Those in the lowest income groups have been hit the hardest, with the share of skilled manual workers on courses falling by a fifth to 33% in one year.
This reverses the participation gains of the last 12 years, the figures show.
Young adults have also been hit hard, with a 16% fall in the number of 25 to 34-year-olds on courses in 2007-08.
Any small rises in the share of unskilled, unemployed and retired people on adult learning courses since Labour came to power have also been reversed.
Just 26% of social groups D and E are on such courses - the same figure as in 1996.
Since then, the National Institute of Adult and Continuing Education has been counting the proportion of adults participating in learning through an annual survey.
Its director, Professor Alan Tuckett, said this year's survey findings posed sharp challenges for a government trying to improve the nation's skills.
The government is committed to a major programme of increasing the skills of working adults and youngsters, so that Britain can compete with the fast growing economies of China and elsewhere.
It has re-focused much of its funding away from short courses, in areas like foreign languages, towards improving basic skills such as literacy and numeracy.

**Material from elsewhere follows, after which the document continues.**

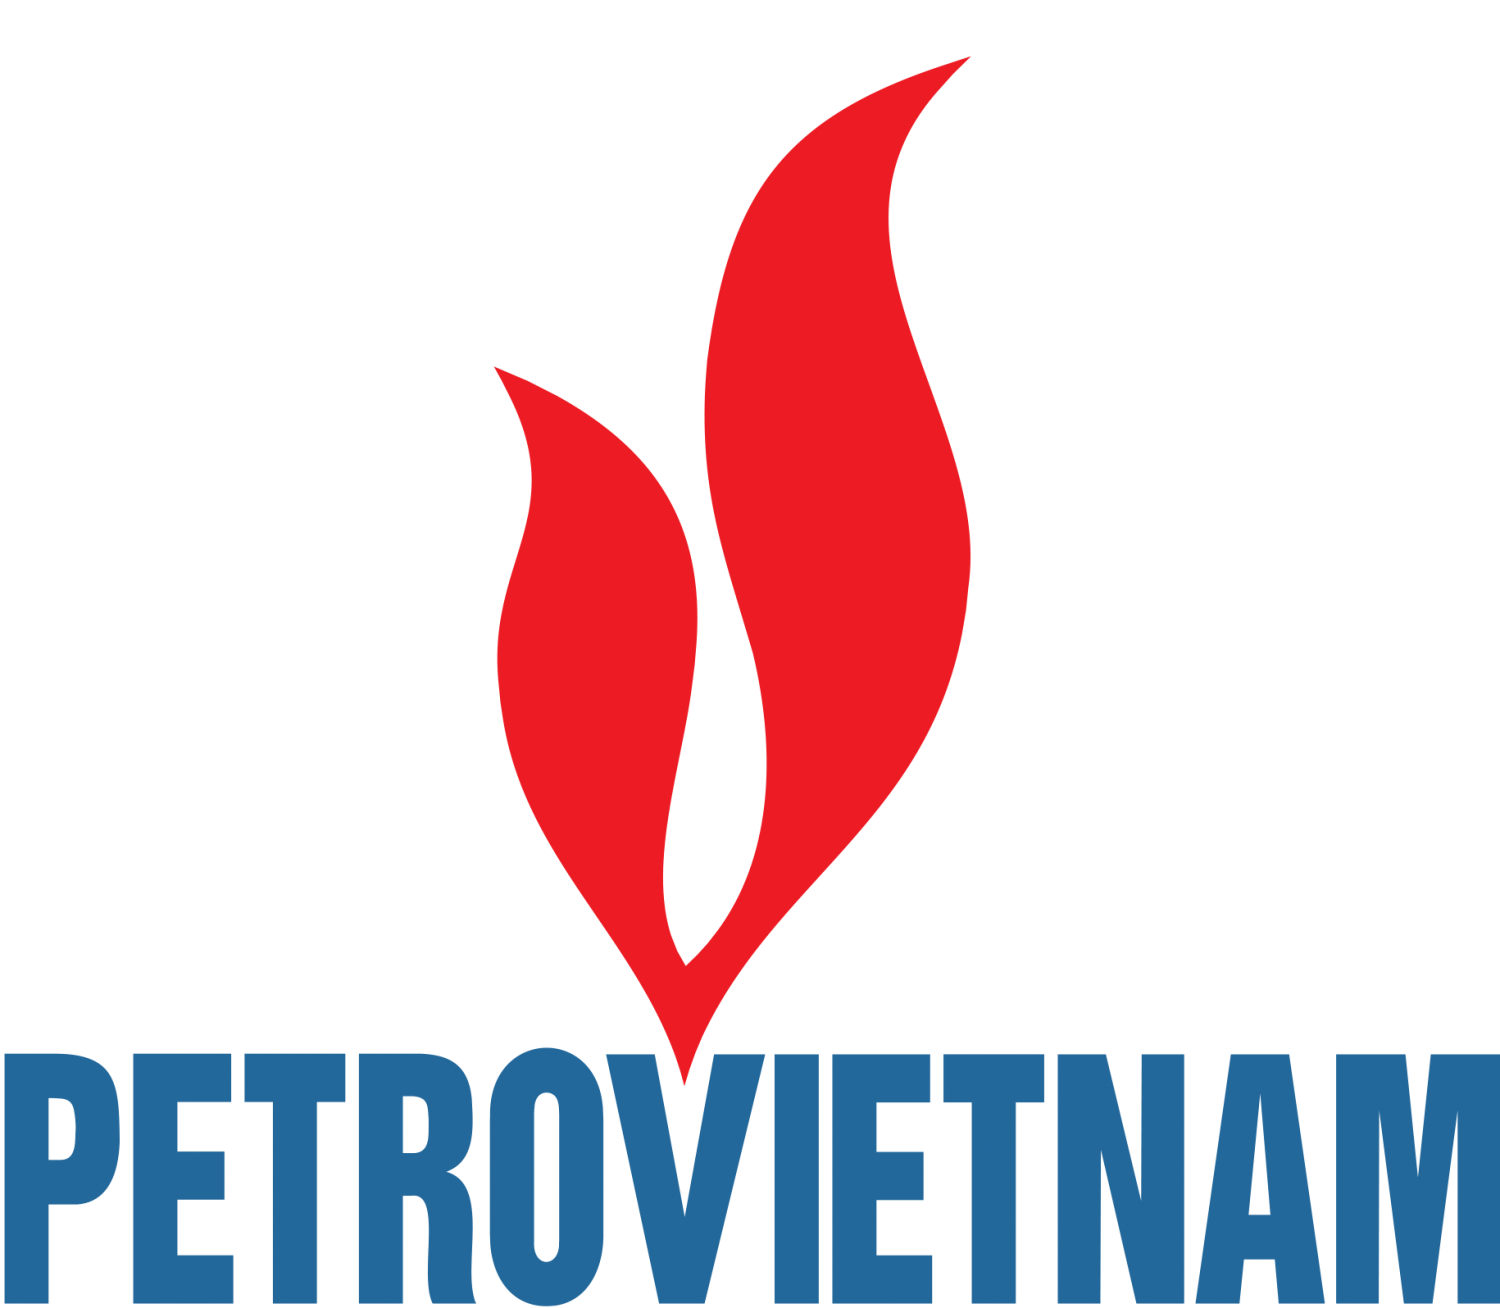 Petrovietnam ra mắt bộ nhận diện thương hiệu mới: Chủ động thích ứng, sẵn sàng tâm thế cho giai đoạn phát triển mới

And it has mounted several high-profile TV advertising campaigns to try to boost retraining. The government plans to spend £20m on advertising adult education before 2012.
'Complex picture'
Professor Tuckett said: "The very groups identified as key to the achievement of the skills strategy and in the Leitch Review are bearing the heaviest burden of the re-balancing of funding.
"The findings suggest that the price of investment in key groups of adults in workplace learning is being paid for by reduced participation by other adults from exactly the same groups.
"This is either because other workplace learning opportunities have declined, or because those adults can no longer access public provision they previously chose for themselves."
He added that there was a great deal of demoralisation among providers of adult education as more and more classes were closing.
The Department for Universities, Innovation and Skills (Dius) said the figures hid a more complex picture.
Skills minister David Lammy said the government was committed to ensuring those in the greatest need could access the skills training they needed to help them get a job or advance at work.
He said the government had invested £3bn in the last seven years and had helped more than 1.75 million adults improve their literacy and numeracy skills - though these government statistics count "adults" as being those over 16.
Mr Lammy added that funding for English as a Second Language courses had trebled since 2001, and that the budget for work-based learning was being raised to £1bn a year.
"To improve value for money we have stopped funding many short courses and are focusing this money towards, higher quality courses that directly improve people's employability," he added.
It is from these courses that many of the learners had been lost, Dius said.